→ DATA PROVIDED:
======
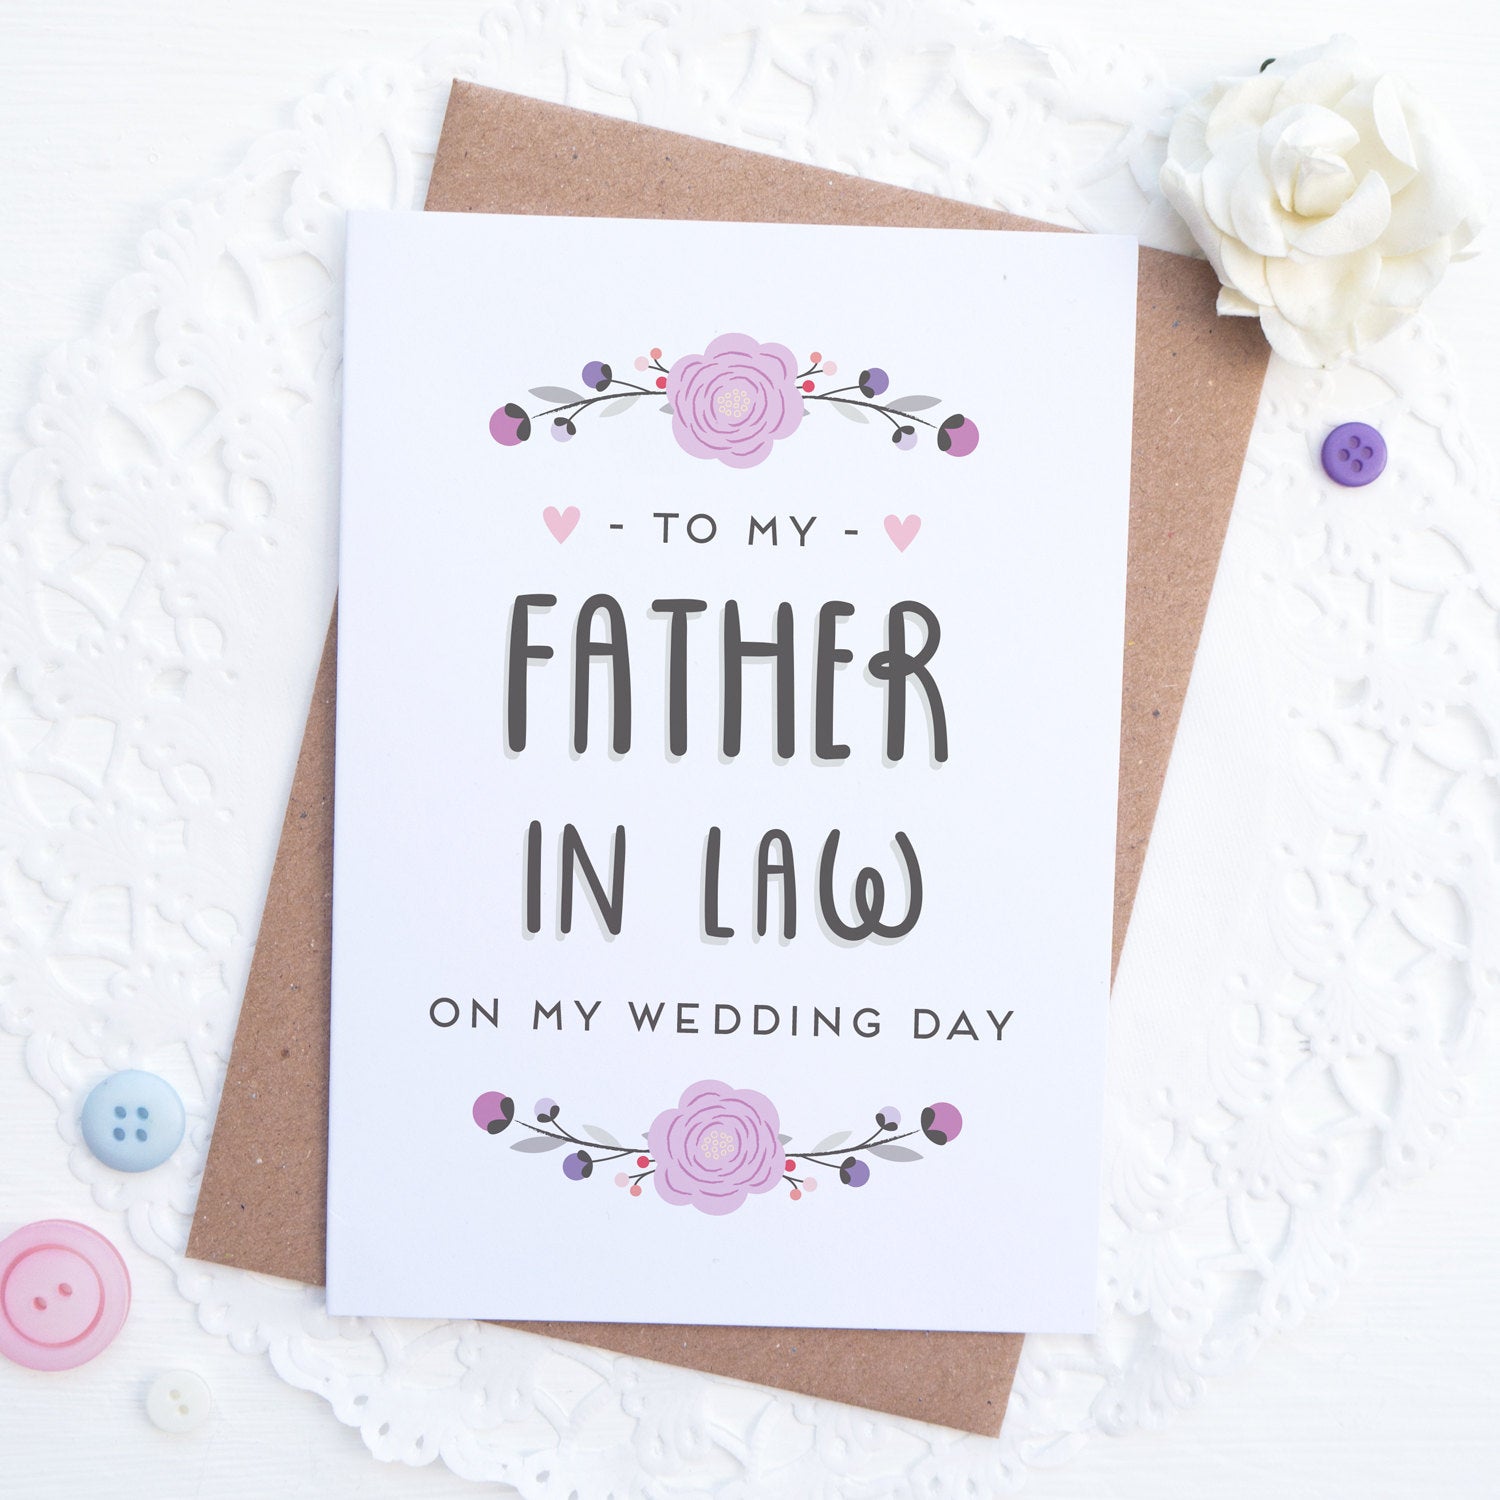 To my father in law on my wedding day card in purple
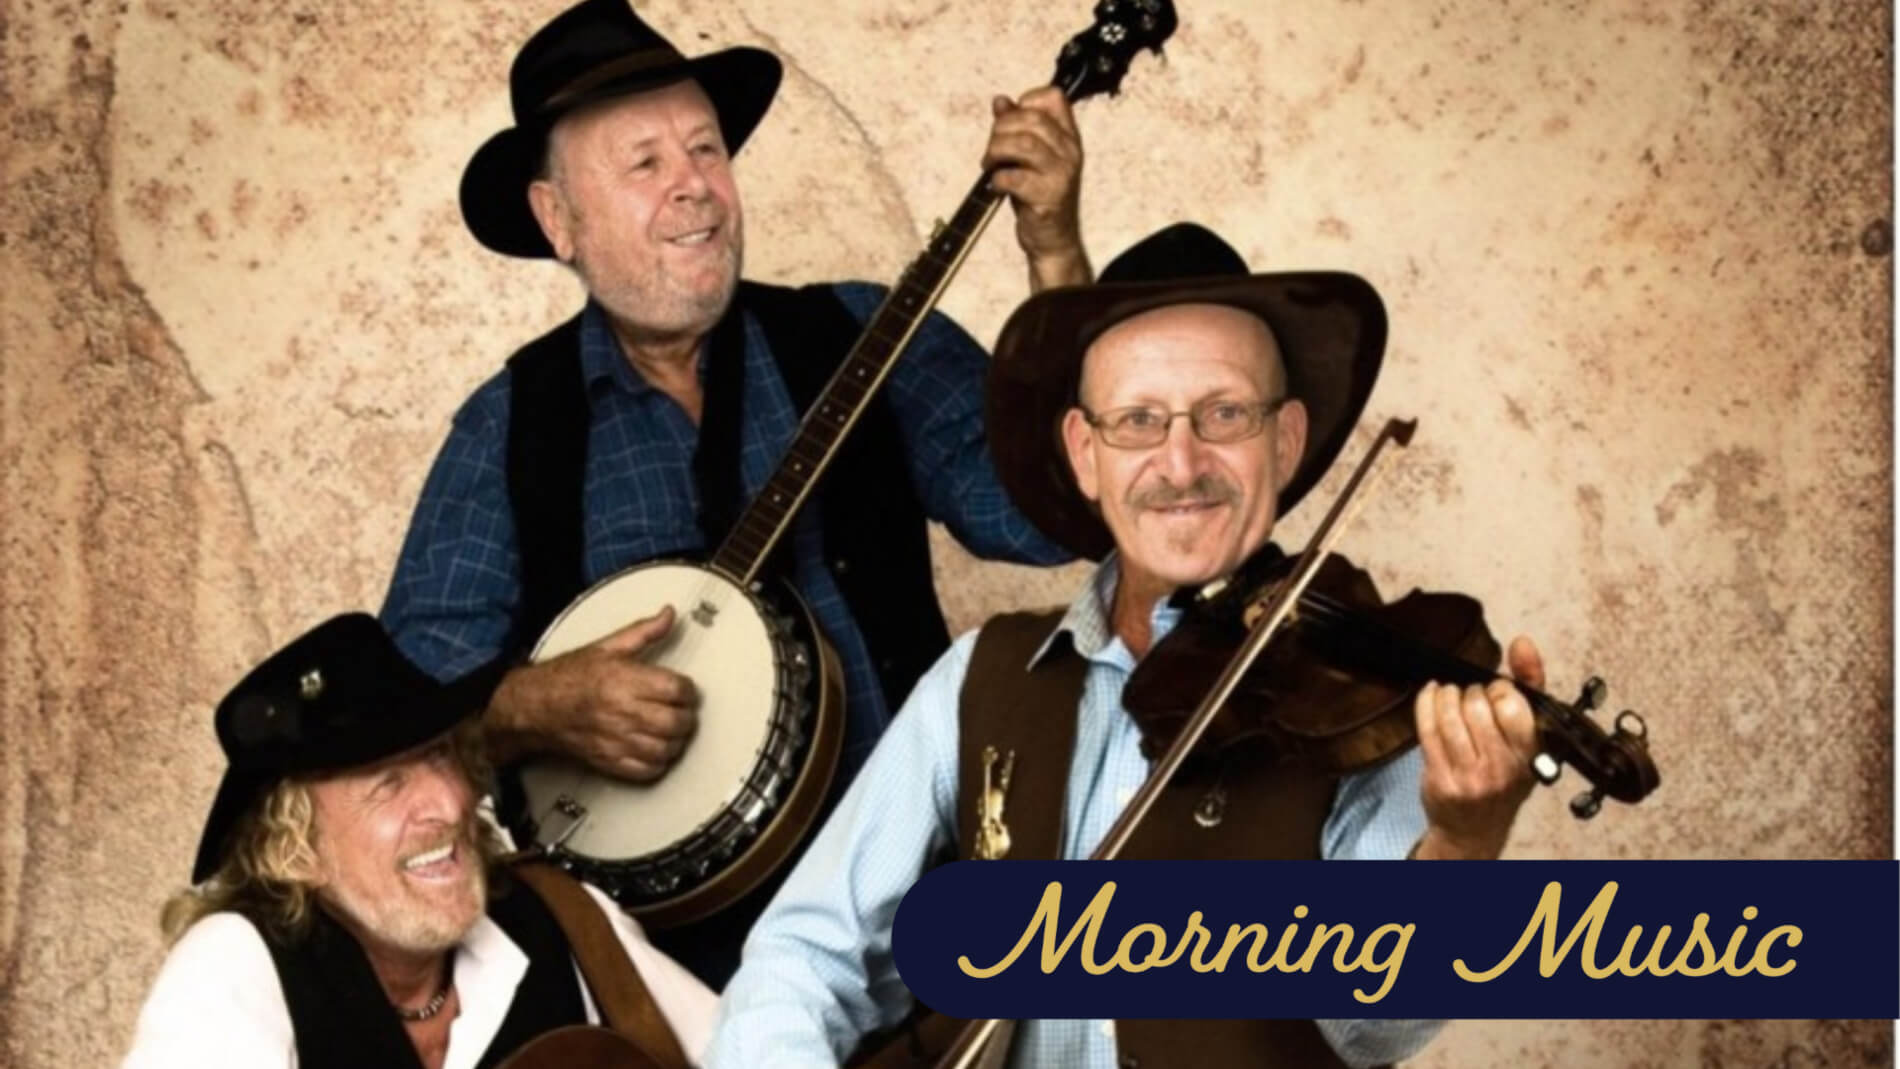 The Southern Star Band featuring in our August 2022 Morning Music Program
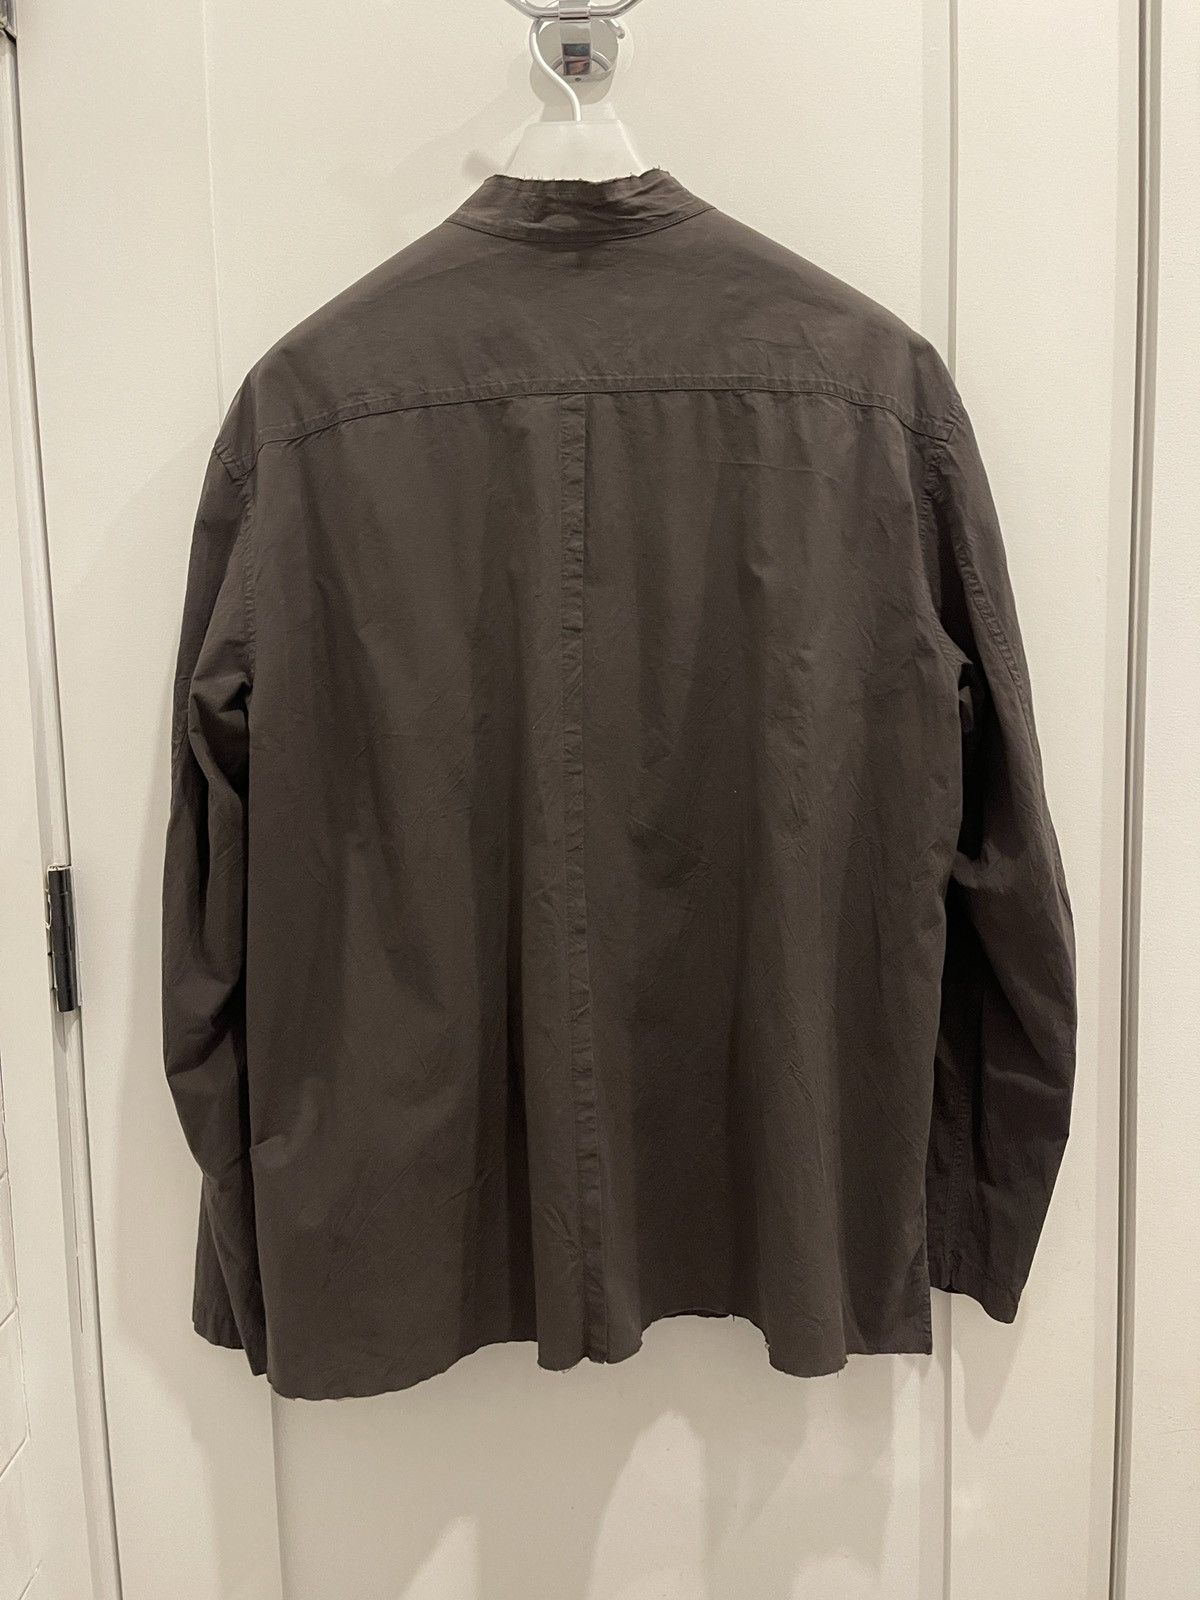 Issey Miyake Last Drop Vintage Raw Edge Stand Collar Overshirt Size US L / EU 52-54 / 3 - 9 Preview
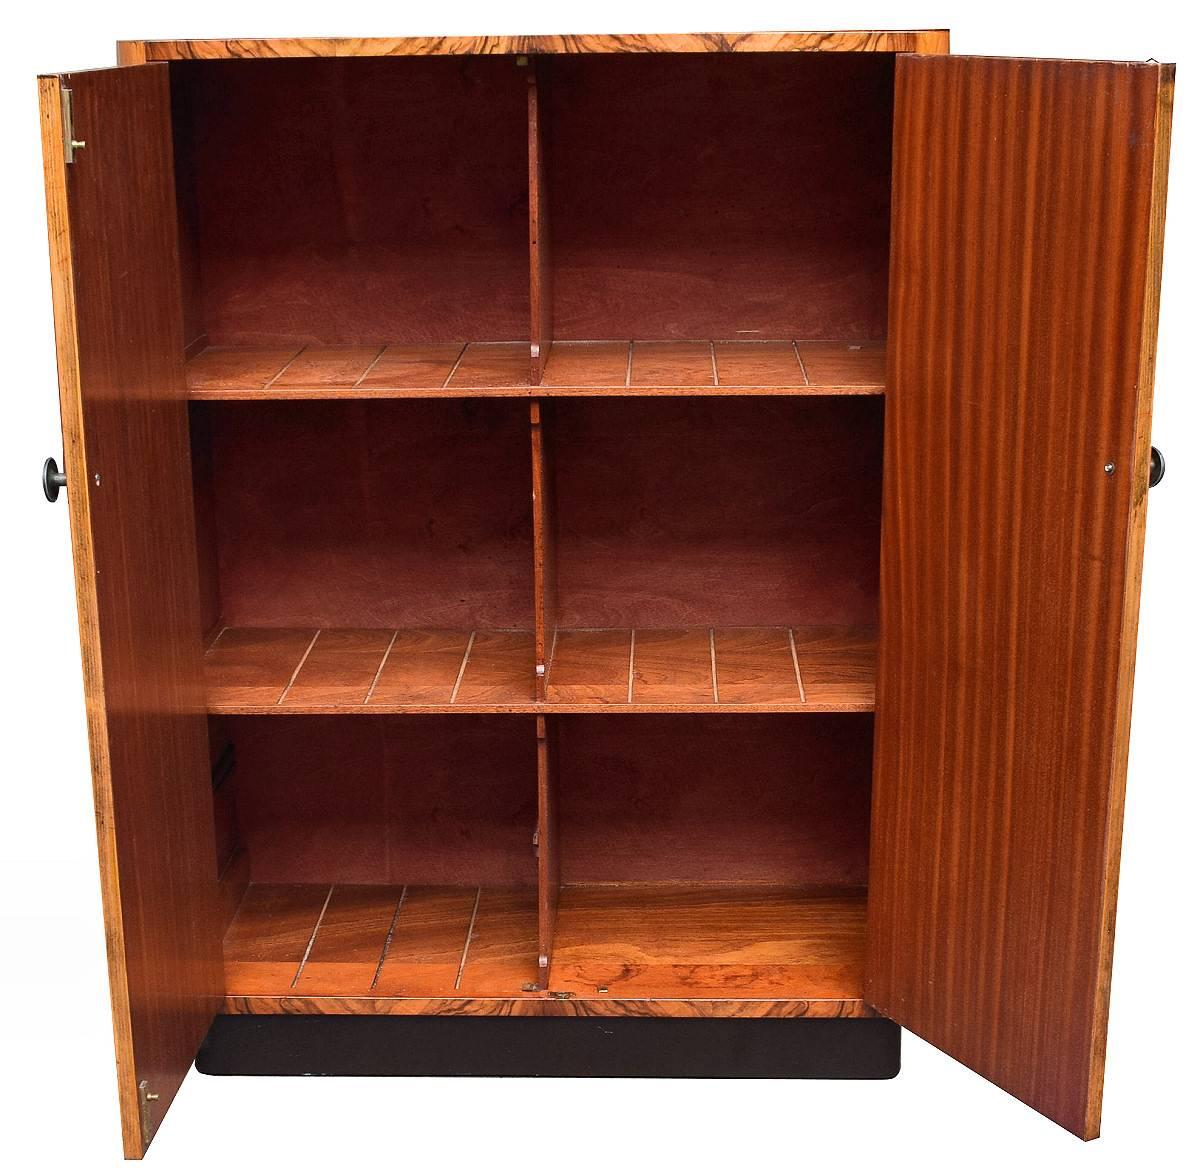 Very attractive and functional piece of furniture that oozes quality. This is an Art Deco cupboard, very generously sized interior for all your needs. Sectioned into six spaces but could be adapted to add further sections perhaps for filing.
======
→ WORK REQUEST:
Produce a word-for-word version of the material, with no pictures included.

→ TASK SOLUTION:
 To my father in law on my wedding day card in purple
 The Southern Star Band featuring in our August 2022 Morning Music Program
 Issey Miyake Last Drop Vintage Raw Edge Stand Collar Overshirt Size US L / EU 52-54 / 3 - 9 Preview
 Very attractive and functional piece of furniture that oozes quality. This is an Art Deco cupboard, very generously sized interior for all your needs. Sectioned into six spaces but could be adapted to add further sections perhaps for filing.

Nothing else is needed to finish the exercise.